Conway Wins HP Center and 1,200 Jobs

by Mark Hengel  on Monday, Jun. 23, 2008 12:00 am  

Gary Fazzino, Hewlett-Packard's vice president of government affairs, left, said the political will of Arkansas politicians like Gov. Mike Beebe helped finalize the deal.

Hewlett-Packard of Palo Alto, Calif., announced Thursday that it would open a customer service and technical support center in Conway that will employ 1,200.

The announcement was made before a packed house at the University of Central Arkansas' Donald W. Reynolds Performance Hall. Gov. Mike Beebe said the jobs Hewlett-Packard will bring are what the state will need to compete.

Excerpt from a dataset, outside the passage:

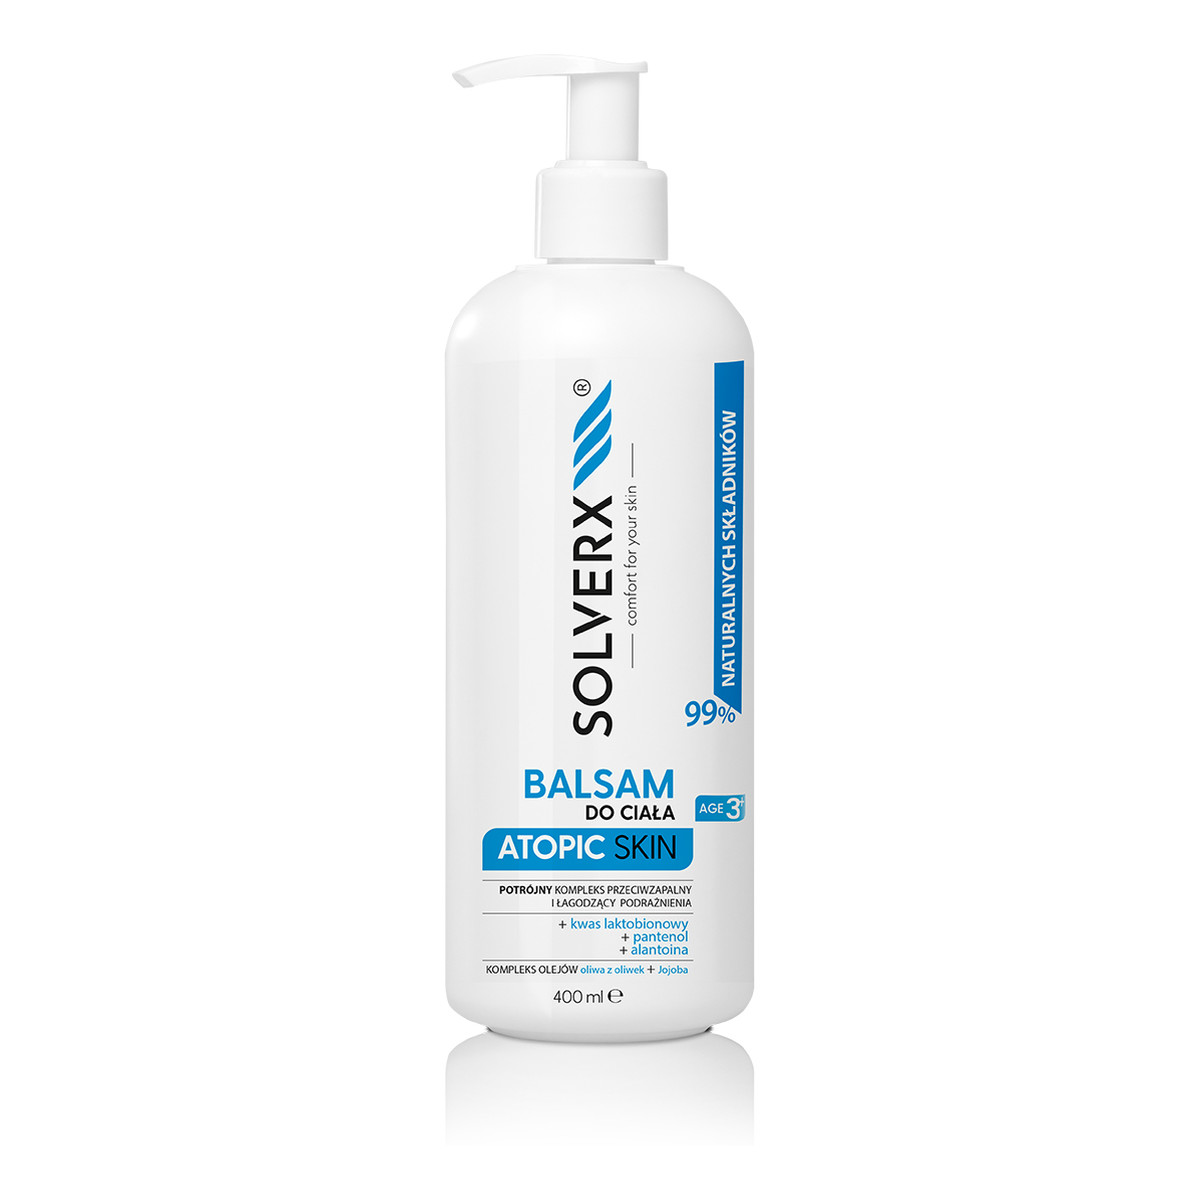 Solverx Atopic Skin Balsam do ciała - łagodzący podrażnienia i przeciwzapalny 400ml

These are "the kind of jobs that represent increased earning capacity and wages for the needs and demands of families in today's society. It represents all those obvious tangible monetary benefits and all the surrounding corollary expansions that go along with it. It represents 1,200 jobs that - frankly - will start in the low $40,000s, and with many being much higher paying at the start than that," Beebe said.

Hewlett-Packard will open its 150,000-SF, $28 million facility at the Meadows Office & Technology Park in southern Conway, owned by the Conway Development Corp. The first hires will begin working in late 2009, and the company will staff the facility over a four-year period. The announcement was made simultaneously with another announcement that Hewlett-Packard will open a comparable center in Rio Rancho, N.M.

Hewlett-Packard will receive several economic incentives for locating in Conway. Beebe said the state is providing $10 million from the Governor's Quick Action Closing Fund for infrastructure, and the Conway Development Corp. will build the $28 million facility to the company's specifications. Hewlett-Packard will then lease the building from the development corporation. Conway Mayor Tab Townsell said the city also agreed to spend $2.2 million to prepare the site.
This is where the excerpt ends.